Ушаков напрягся, оценивая информацию — все же он окончил академию Генерального штаба. «Министр» говорил о грядущих событиях очень уверенно, словно сам их планировал. Возможно, так оно и есть на самом деле — Борис Федорович знал, что на территории Сибири есть заговор, в который вовлечено множество офицеров, с некоторыми он даже имел тайные встречи. К тому же часть чиновников и служащих той же железной дороги настроена к советской власти крайне враждебно благодаря политике «равенства», проводимой большевиками. Вернее, всеобщей «уравниловки», когда обычный почтальон, которые едва умеет прочитать адрес на конверте, получает 206 рублей, а телеграфист пятого разряда со знанием иностранных языков только 180 «целковых», потому что сидит в теплом кабинете и не бегает по улицам как «настоящий труженик». И если служащие в интересах чехословацкого корпуса отправляют кодированные телеграммы, и при этом состоят в тайных отношениях с эмиссарами «сибирского» правительства, то становится понятным осведомленность «их превосходительства».

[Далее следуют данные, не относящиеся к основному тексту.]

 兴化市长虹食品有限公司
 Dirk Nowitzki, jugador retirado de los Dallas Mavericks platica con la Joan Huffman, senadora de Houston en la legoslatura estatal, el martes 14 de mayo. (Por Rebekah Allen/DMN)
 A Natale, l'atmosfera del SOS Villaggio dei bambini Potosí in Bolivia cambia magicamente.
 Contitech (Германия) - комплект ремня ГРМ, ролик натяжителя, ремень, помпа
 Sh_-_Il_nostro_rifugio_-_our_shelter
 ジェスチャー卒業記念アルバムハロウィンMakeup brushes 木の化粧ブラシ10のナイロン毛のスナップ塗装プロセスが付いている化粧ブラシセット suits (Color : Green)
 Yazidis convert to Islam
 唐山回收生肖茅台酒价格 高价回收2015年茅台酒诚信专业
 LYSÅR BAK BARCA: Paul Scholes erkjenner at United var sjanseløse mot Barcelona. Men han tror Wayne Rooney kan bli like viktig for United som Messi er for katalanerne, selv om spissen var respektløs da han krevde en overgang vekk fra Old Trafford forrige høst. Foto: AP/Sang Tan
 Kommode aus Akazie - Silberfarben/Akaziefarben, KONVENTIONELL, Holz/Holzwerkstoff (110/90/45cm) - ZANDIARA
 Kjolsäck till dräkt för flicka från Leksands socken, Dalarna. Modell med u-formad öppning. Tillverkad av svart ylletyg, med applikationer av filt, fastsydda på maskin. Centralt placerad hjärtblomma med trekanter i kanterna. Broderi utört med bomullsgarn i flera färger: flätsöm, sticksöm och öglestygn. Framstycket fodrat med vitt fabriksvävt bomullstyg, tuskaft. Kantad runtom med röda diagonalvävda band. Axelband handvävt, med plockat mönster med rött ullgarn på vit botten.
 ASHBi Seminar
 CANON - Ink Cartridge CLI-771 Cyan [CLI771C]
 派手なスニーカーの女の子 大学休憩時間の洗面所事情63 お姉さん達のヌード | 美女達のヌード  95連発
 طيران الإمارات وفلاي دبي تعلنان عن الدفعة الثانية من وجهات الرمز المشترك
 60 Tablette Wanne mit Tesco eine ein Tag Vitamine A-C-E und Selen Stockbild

И тут без сарказма — глава судебных инстанций целой губернии чин действительного статского советника, а министр, пожалуй, выше по табелю о рангах, пусть и отмененному большевиками — не меньше «тайного». Так что лучше не смотреть на капитанский чин — перед ним сейчас сидит тот, от решений которого значит многое.
— Именно так, брате полковник — переписка по телеграфу контролируется не только большевиками. Да, капитаном Кадлецом составлена кодовая таблица, с вполне невинными словами, типа — «отдайте письмо комиссару», с ответом, что оное письмо принято. Это означает приказ занять станцию, с дальнейшим успешным докладом об исполнении оного приказания. Разумно, но право дети эти чехи, как кошки занялись «песочными играми» в лотке, где справляют естественные надобности.
Вот этого «министр» никак не мог знать — о таблицах ведали только начальники эшелонов, а такой сейчас в Красноярске один, да и он сам, как начальник штаба 2-й чехословацкой дивизии. Патушинский знает много больше, чем говорит, к тому возникло стойкое ощущение, что он его где-то раньше видел, встречались, пусть и мимолетно…
Руководители восстания на перегоне от Новониколаевска до Иркутска, с офицерами штаба 2-й чехословацкой дивизии. Сидят в центре — слева подполковник Ушаков, справа капитан Гайда.